Legal Definition of Bourbon

Bourbon by defination can vary from country to country, although various trade agreements require the name Bourbon to be reserved for products made in America.

American regulations for the labeling and advertising of Bourbon apply only to products made for consumption within the United States; they do not apply to distilled spirits made for export.
Canadian law requires products labeled as Bourbon to be made in the United States and to also conform to the requirements that apply within the United States. However, in countries other than the United States and Canada, products labeled as Bourbon may not adhere to the same standards. European Union regulations require products labeled as Bourbon to be made in the United States, but do not require them to conform to all of the requirements that apply within the United States.
The Federal Standards of Identity for Distilled Spirits state that bourbon made for consumption within the United States must meet these requirements:
Only whiskey produced in the United States can be called bourbon.
Bourbon must be made from a grain mixture that is at least 51% corn.
Bourbon must be distilled to no more than 160 (U.S.) proofs (80% alcohol by volume).
Bourbon, like other whiskeys, must be bottled at 80 proof or more (40% alcohol by volume.)
Bourbon must be entered into the barrel for aging at no more than 125 proof (62.5% alcohol by volume).
Bourbon must be aged in new, charred oak barrels.
Bourbon has no minimum specified duration for its aging period, although it must be aged at least briefly. However, the following definitions and requirements apply that relate to aging periods:

Bourbon that meets the above requirements, has been aged for a minimum of two years, and has no added coloring, flavoring, or other spirits may (but is not required to) be called Straight bourbon.

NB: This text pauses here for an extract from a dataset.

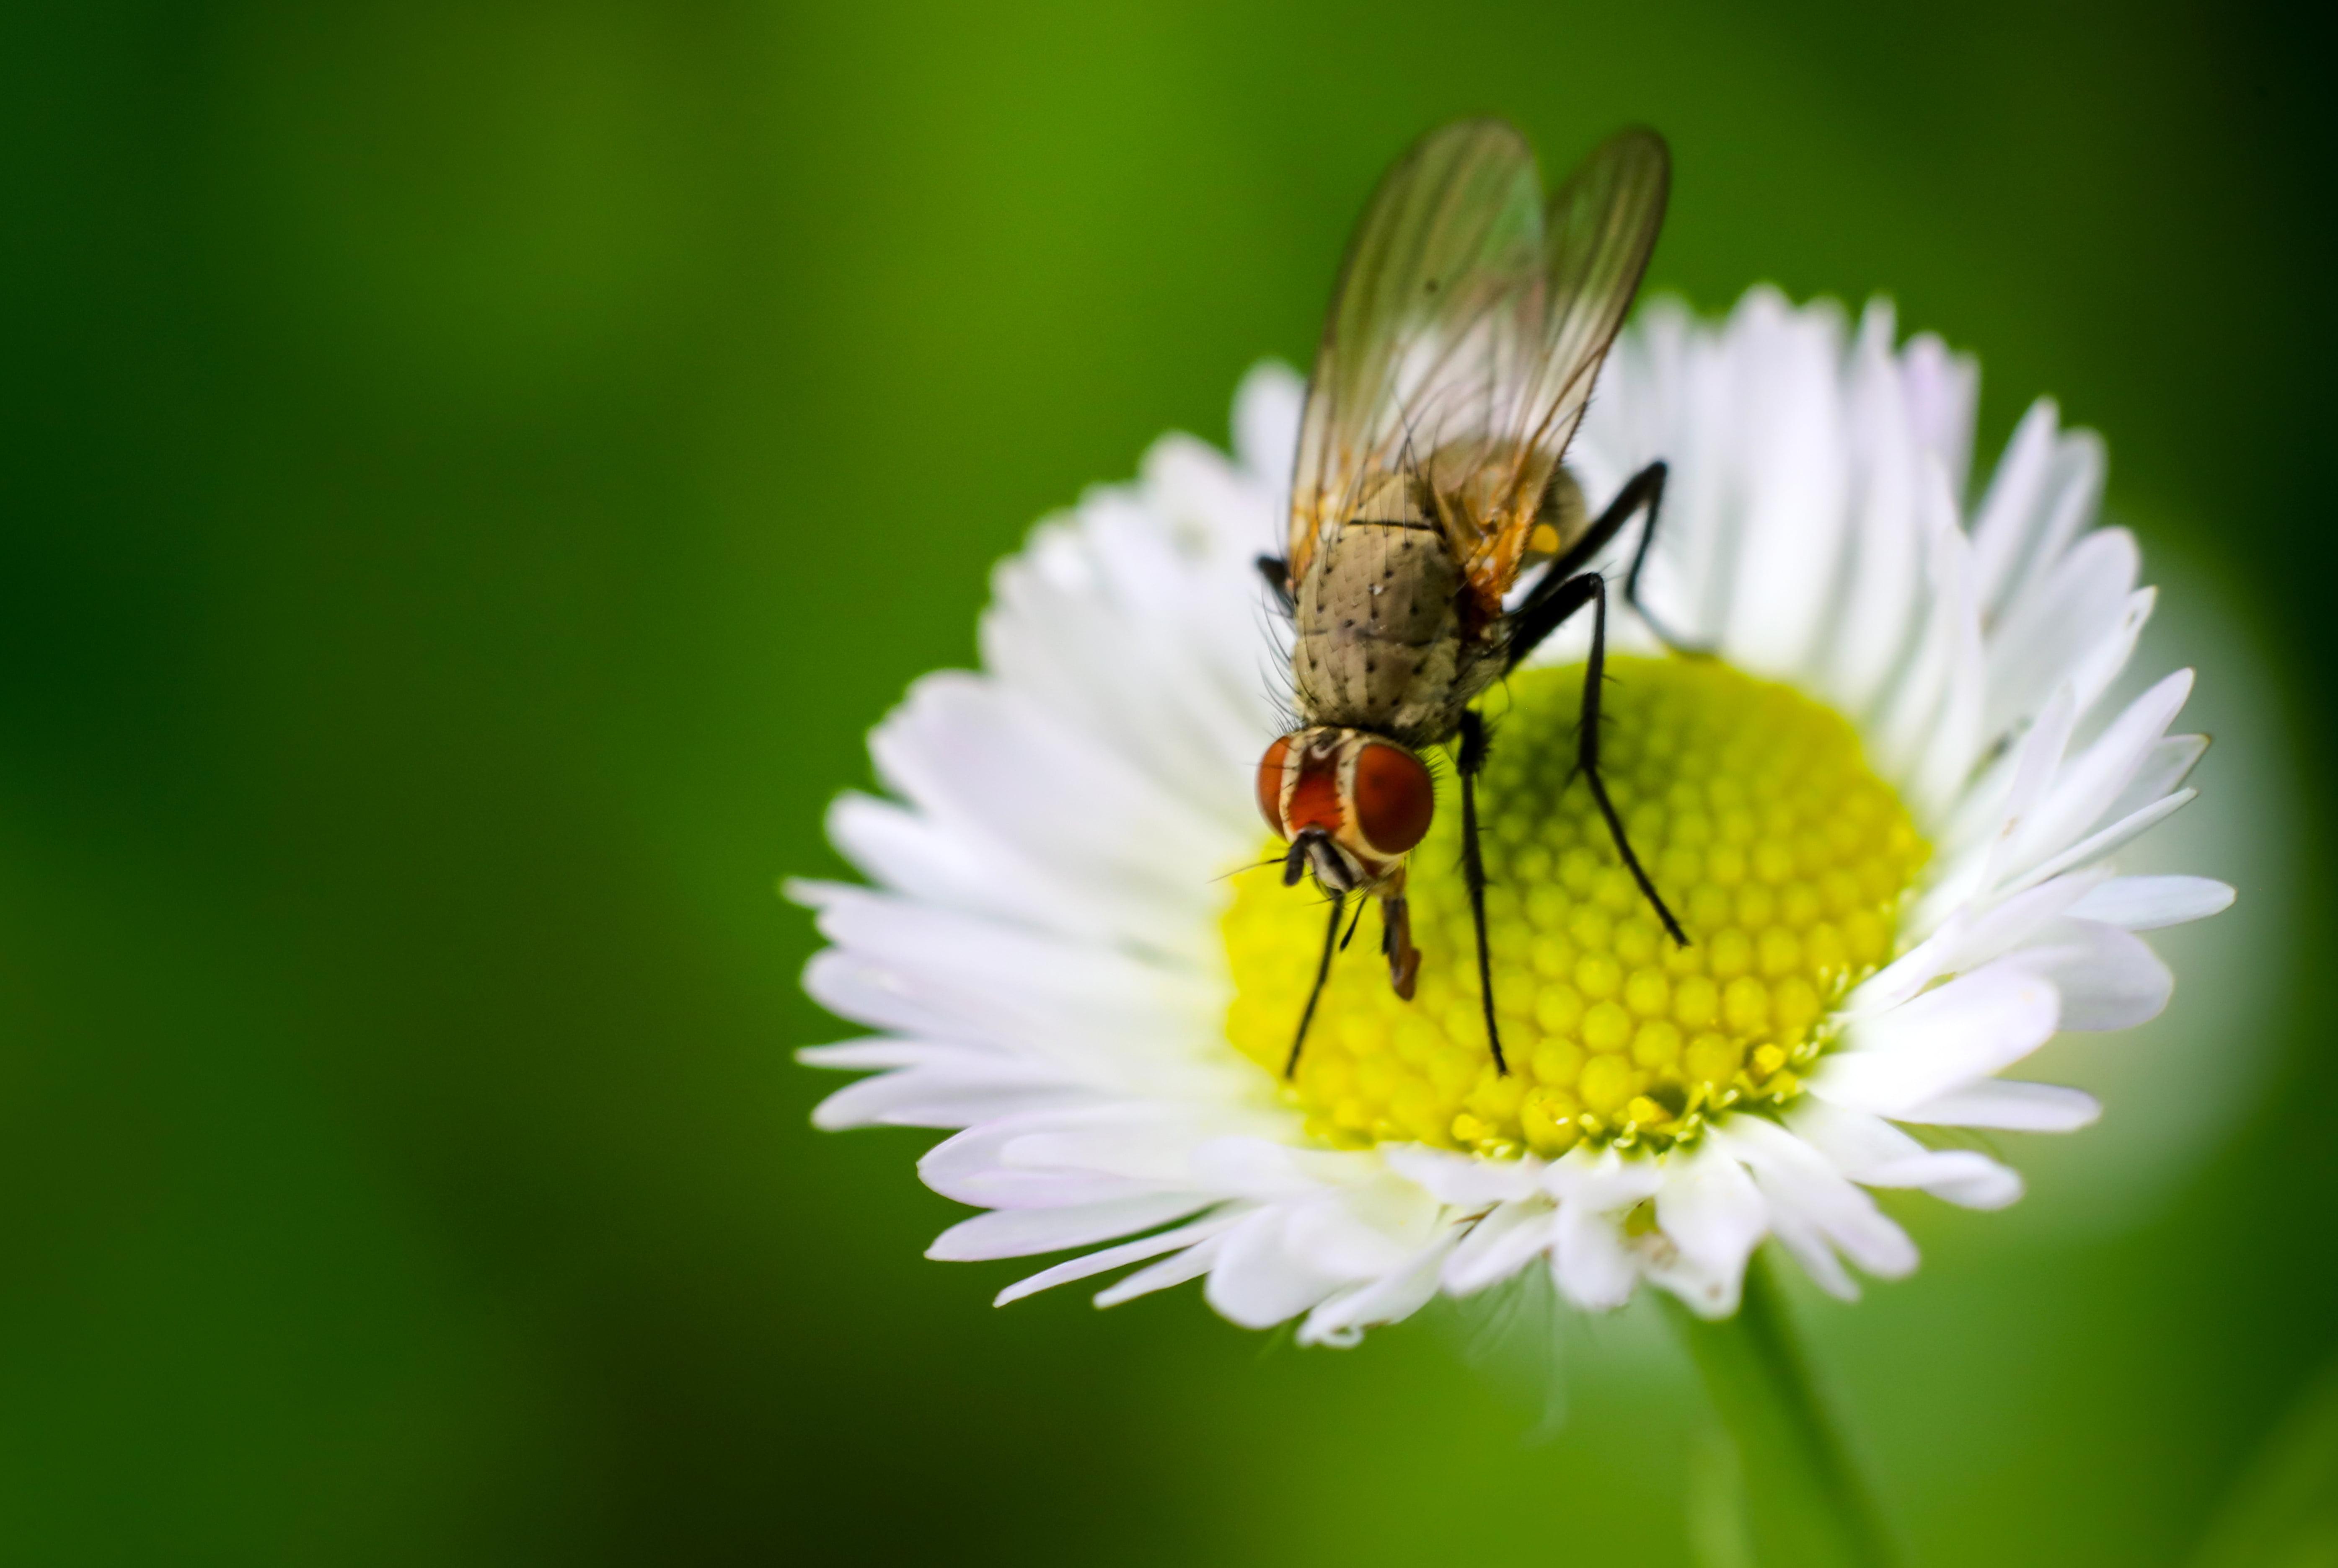 Common Housefly On A White Petaled Flower Macro Photo HD

Bourbon that is labeled as Straight that has been aged for a period less than four years must be labeled with the duration of its aging.

Bourbon that has an age stated on its label must be labeled with the age of the youngest whiskey in the bottle (not counting the age of any added neutral grain spirits in a Bourbon that is labeled as Blended, as neutral grain spirits are not considered whiskey under the regulations and are not required to be aged at all).

  • Bourbon that is labeled as Blended (or as ‘a blend’) may contain added
  • colouring, flavoring, and other spirits (such as un-aged neutral grain
  • spirits); however, at least 51% of such a product must be Straight
  • Bourbon.
In practice, almost all bourbons marketed today are made from more than two-thirds corn, have been aged at least four years, and do qualify as "straight bourbon"—with or without the "straight bourbon" label. The exceptions are inexpensive commodity brands of bourbon aged only three years and pre-mixed cocktails made with straight bourbon aged for two years. However, at least one small distillery markets bourbon aged for as little as three months.